What you have to do:
From the entries below, reproduce exactly the line containing "USB Fast Charger Plug - White Image 1", the line containing "Clinical Skin Advanced", and every line in between, with nothing added.

Provided information:
• • • • • • •
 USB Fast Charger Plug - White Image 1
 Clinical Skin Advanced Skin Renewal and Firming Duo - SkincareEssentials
• • • • • • •
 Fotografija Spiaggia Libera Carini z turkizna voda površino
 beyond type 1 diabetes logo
• • • • • • •
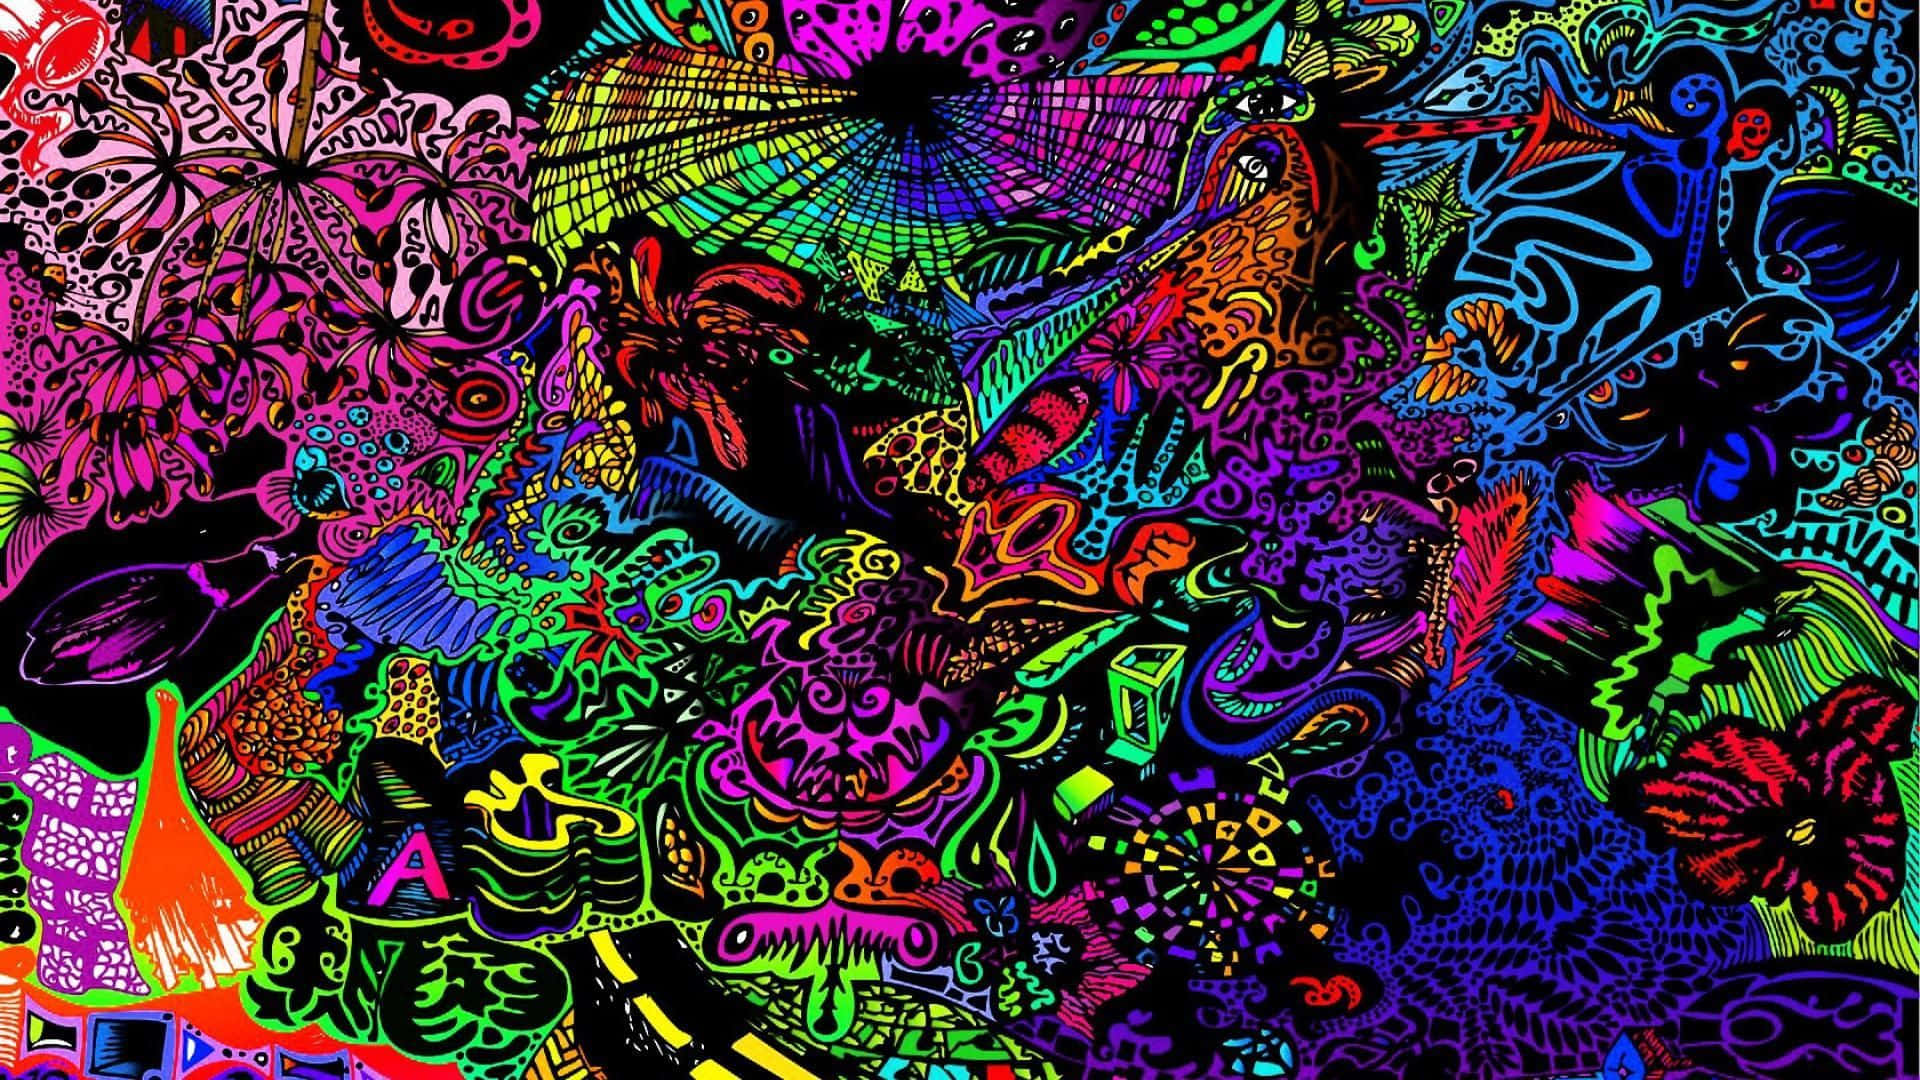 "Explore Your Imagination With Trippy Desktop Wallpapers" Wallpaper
• • • • • • •
Response below:
 USB Fast Charger Plug - White Image 1
 Clinical Skin Advanced Skin Renewal and Firming Duo - SkincareEssentials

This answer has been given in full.